Михаил Соколов: В Москве пришлось сажать и снимать, несмотря на то, что это муниципальные выборы.

Александр Кынев: Во-первых, Москва – это выборы даже не муниципальные в традиционном понимании, это внутригородские районы, у которых полномочий даже на фоне сельских, городских поселений ничтожны. Избирательная система совсем другая, нет партийных списков. То есть здесь невозможно мерить рейтинги партий, потому что их нет, даже нет одномандатных округов, здесь округа многомандатные. Эта система в этом смысле очень сильно отличается от всей остальной России, другие расклады, немножко другие технологии, все другое.

Можно сказать, что общий дизайн кампании был максимально тихая кампания, чтобы никто не вылезал. Мы видели низкую явку. Москва – это абсолютный индикатор, живая явка 700 тысяч избирателей, 9% населения. Это и есть сушка явки, когда живые люди максимально демотивированы, мало информации, на подъездах нет традиционных объявлений, приглашений никто не разносит. Делается все, чтобы голосовали зависимые категории, условные бюджетники, работники предприятий, которые зависимы, которых можно собрать в пятницу у компьютера, чтобы они все проголосовали, как надо. Там получилось миллион 700. Мы получаем, что два миллиона 400 явка, на участках всего 700 тысяч и миллион 700 часть проголосовала электронно, часть электронные вбросы, видимо, фейковые аккаунты, которые власть контролирует. Даже в этих условиях часть депутатов прошла муниципальных. Если бы явка была хоть немножко выше, на сто тысяч выше, я думаю, оппозиционеров прошедших было бы больше раза в два. Те паникеры, которые кричали и вопили, что не надо ни в чем участвовать, они в это внесли свой вклад.

Гражданское неучастие и оборачивается в итоге тем, что мы получаем такие совершенно импотентные, никого не представляющие местные советы. Москва, конечно, особая история. Московская кампания немножко иррациональная, здесь ни денег нет, ни бюджетов. Выборы в Москве – это были выборы про символы, то есть власть пыталась показать городской демократической общественности ее место. Это не за деньги шла борьба и не за власть. Это шла борьба с точки зрения деморализации, с тем, чтобы дальше не вякали. Мне кажется, что все-таки это все равно не получилось, потому что те люди, которые боролись, показали бойцовский характер. Количество недовольных будет расти, потому что нет никаких оснований считать, что ситуация будет улучшаться.

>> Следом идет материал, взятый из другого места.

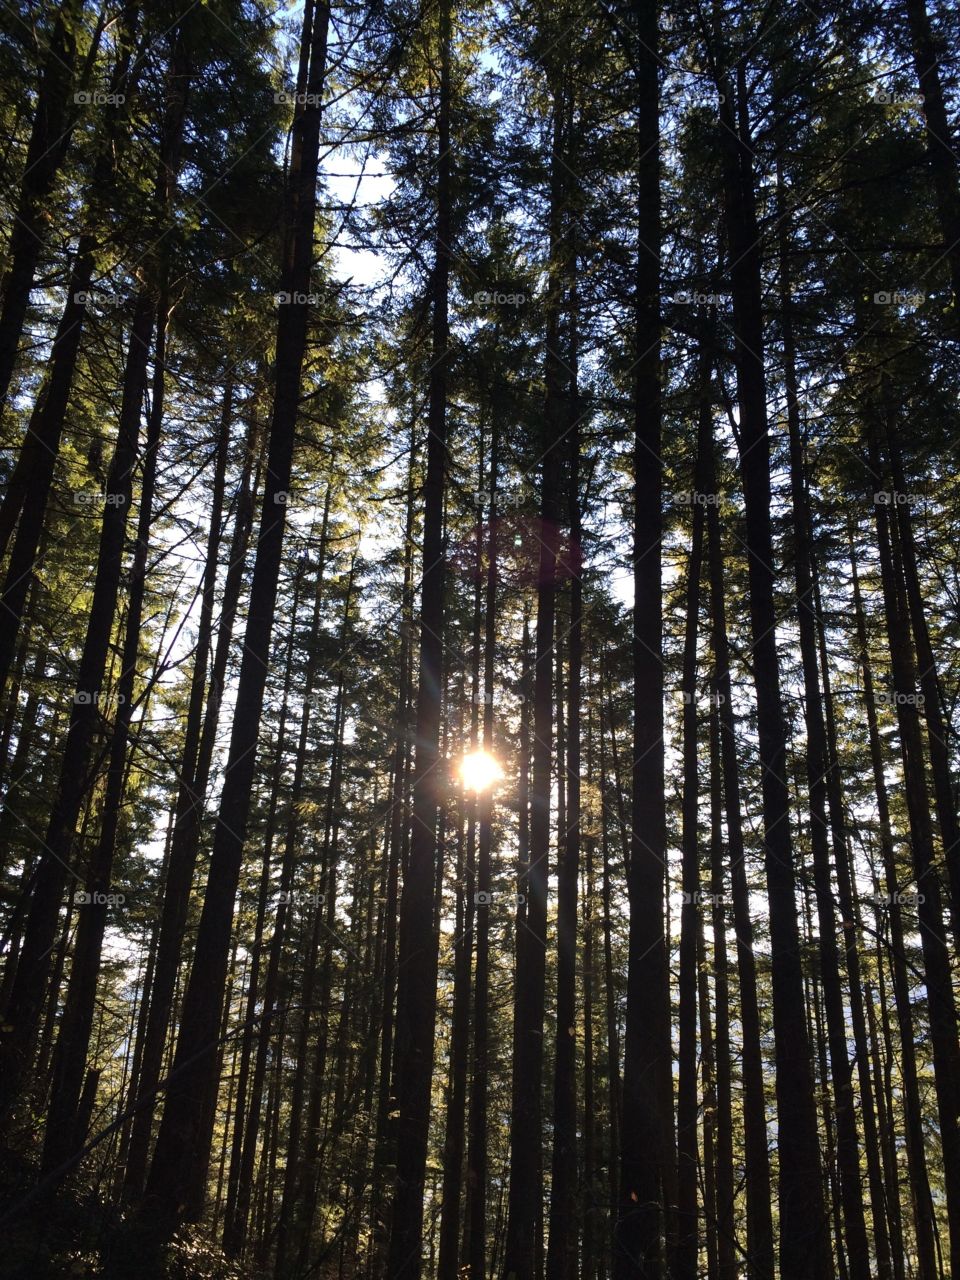 Sun shining through silhouette of trees on a hike.

Власть сегодня, не желая пропускать даже лояльную оппозицию в московские советы, показала, что не хочет ни с кем разговаривать. А как вы будете жить завтра, когда недовольных станет еще больше? Поэтому это тупиковая стратегия. Чиновникам было приятно отчитаться, что мы столько-то мандатов запланировали, столько получили, но стратегически это абсолютное безумие. Это попытка законопатить чайник в условиях, когда он будет закипать. Это кошмар.

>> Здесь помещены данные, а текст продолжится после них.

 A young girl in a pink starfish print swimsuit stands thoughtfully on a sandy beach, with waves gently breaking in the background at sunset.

Михаил Соколов: Я бы все-таки заметил, что все практически думские партии, у них ясная позиция поддержки власти в главном вопросе, то есть поддержки боевых действий в Украине. Есть "Яблоко", которое говорило, что ведет кампанию за мир, какие-то листовки и так далее, и отдельные кандидаты, которые тоже намекали на то, что они против войны. Как вы видите перспективу? С одной стороны, есть этот чайник, но он все равно поддерживает власть в главном вопросе, пул парламентских партий, и есть отдельные маленькие группы, которые оказались в маргинальном положении. То есть никакого антивоенного движения, можно сказать, в России не родится?

Дмитрий Орешкин: Мы не знаем, родится или не народится, тут много зависит от действий власти. Если начнут, например, массовую мобилизацию, то, наверное, произойдут какие-то изменения. Но на данный момент, да, антивоенное движение фрагментировано, не пользуется массовой поддержкой. Власть решает свою задачу, о которой Александр правильно говорил, демотивировать, погрузить в летаргию тех, кто протестует.

Опять же абсолютно с ним согласен в том, что реакция людей, критически настроенных к власти, в продвинутых регионах опять же, и он, и я подчеркиваем, что Москва – это совершенно особый, в значительной степени европеизированный регион, с которым власть выстраивает другую систему отношений, чем, например, в Чечне с населением или в Тыве, или в том же Ханты-Мансийском автономном округе. Основная идея сказать людям, что все равно от выборов ничего не зависит, все равно – ходите на участки, не ходите на эти участки, вы получите то, что нужно нам. К сожалению, на москвичей это влияет. То есть они думают, что они выражают свой протест, игнорируя выборы. Это чрезвычайно популярная, я бы сказал, доминирующая точка зрения. В сортах этого самого вещества не разбираюсь, с наперсточниками играть не сажусь, я выше этого, а те, кто говорит, что надо ходить на выборы, – это агенты Кремля.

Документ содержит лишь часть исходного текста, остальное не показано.